Iran War Shakes Emerging Markets and Investor Confidence
Escalating military tensions around Iran have triggered a sharp selloff across global emerging markets, raising concerns about the stability of economies that had recently attracted strong investor inflows. The conflict has rapidly shifted sentiment in financial markets as rising oil prices and a strengthening US dollar threaten the outlook for many fast-growing developing economies.
Only days earlier, stocks and bonds across emerging markets were trading near record highs, supported by expectations of slowing inflation and potential monetary easing. However, the geopolitical shock has prompted investors to reassess risk exposure and move capital toward safer assets.
Oil price surge raises risks for energy-importing economies
One of the most immediate consequences of the conflict has been a surge in global oil prices amid fears of supply disruptions in the Strait of Hormuz. Crude oil prices climbed to around $76 per barrel, creating serious challenges for economies heavily dependent on energy imports.
Asian markets have been particularly vulnerable. Countries such as South Korea, Thailand and India rely heavily on imported energy, and higher fuel costs could push up inflation and complicate monetary policy decisions.
South Korean equities have fallen sharply this week, dropping about 18% as investors reacted to the worsening geopolitical environment. Technology-focused markets such as Taiwan have also experienced significant declines.
Stronger US dollar tightens financial conditions
At the same time, the US dollar has strengthened significantly. Bloomberg’s dollar index rose roughly 1.5% during the week, increasing the financial burden for emerging markets with large amounts of dollar-denominated debt.
Several currencies across the developing world have come under pressure. India’s rupee fell to a record low, prompting the central bank to intervene by selling dollars to stabilize the currency.
Authorities in other countries, including Indonesia and Turkey, have also stepped into currency markets to limit volatility. In China, the central bank unexpectedly set a stronger yuan reference rate after previously signaling tolerance for currency weakness.

Capital outflows accelerate across emerging markets
Global investors have started withdrawing capital from emerging market assets. According to Bloomberg data, about $6.3 billion was pulled from Asian emerging-market equities excluding China during the week, marking the largest weekly outflow in about a month.
The MSCI emerging markets equity benchmark dropped as much as 4.4%, approaching technical correction territory. By comparison, global and developed market equities declined by less than 1% during the same period.
Emerging market debt also faced pressure. A benchmark of dollar-denominated EM bonds recorded its largest two-day decline since April, while a currency index tracking developing economies fell about 1.7% since the start of the week.

Investors rotate toward oil exporters
In response to the changing macroeconomic environment, investment managers are adjusting portfolio strategies. One of the key trends is rotating away from oil-importing economies toward oil exporters that may benefit from higher energy prices.

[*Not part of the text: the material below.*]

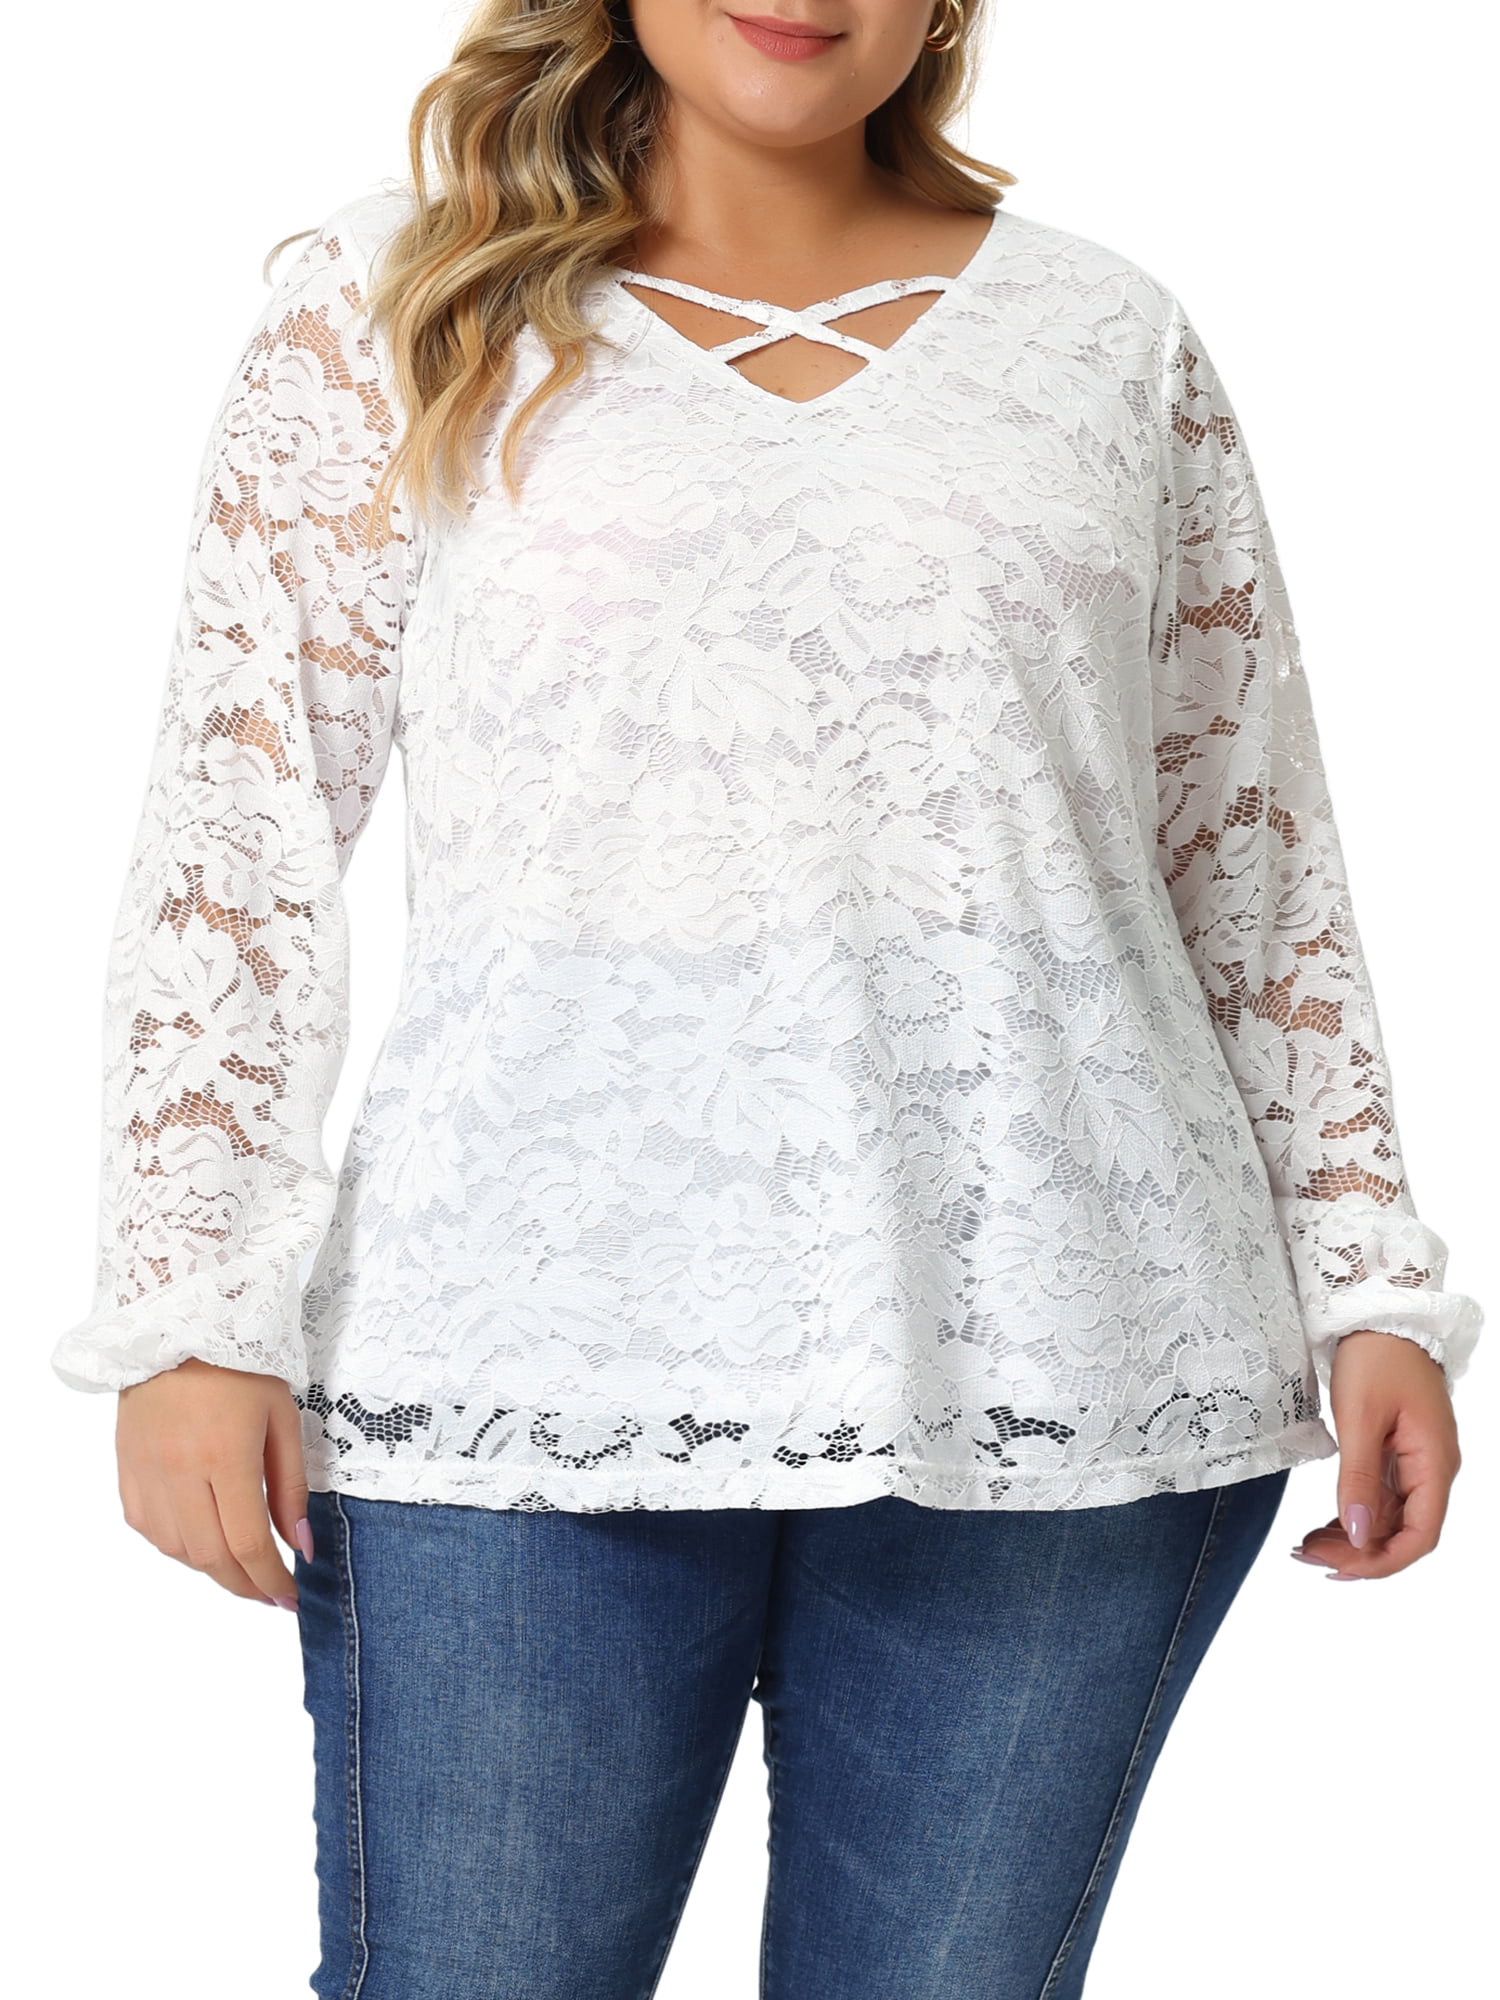 nightmare All kinds of anchor plus size long sleeve lace shirt

Countries with significant oil exports could see short-term gains. In Latin America, for example, Colombia and Mexico may benefit from higher crude prices, although fiscal policies such as fuel subsidies could limit the positive impact.
Market strategists say investors are now trying to determine whether the current selloff represents a temporary reaction to geopolitical risk or the beginning of a more prolonged shift in global capital flows.
Geopolitical tensions raise global inflation concerns
Another concern among economists is the possibility of a renewed wave of global inflation. Higher energy costs could feed through to transportation, manufacturing and logistics, increasing price pressures worldwide.
US President Donald Trump said the United States would provide insurance guarantees and naval escorts for oil tankers passing through the Strait of Hormuz in an effort to prevent a major energy crisis caused by the conflict.
Analysts at Goldman Sachs note that geopolitical shocks typically weigh on markets in the short term but tend to fade over time. However, the current conflict comes at a moment when many emerging markets were already vulnerable after strong gains earlier in the year.
Georgia’s economy shows resilience amid global volatility
Despite global financial turbulence, some fast-growing economies continue to demonstrate resilience. Georgia is among the countries maintaining strong economic momentum.
According to official data, Georgia’s economy expanded by 7.9% year-on-year in January 2026. Growth has been driven by services, tourism, transportation, trade and continued investment activity.
The European Bank for Reconstruction and Development also recently upgraded its economic outlook for the country. The EBRD raised its forecast for Georgia’s economic growth in 2026 from 5% to 5.5%.
As International Investment experts note, despite global geopolitical tensions and financial market volatility, Georgia continues to demonstrate economic resilience. The country remains attractive for international investors due to its liberal economic policies, improving infrastructure and growing role as a regional hub connecting Europe and Asia.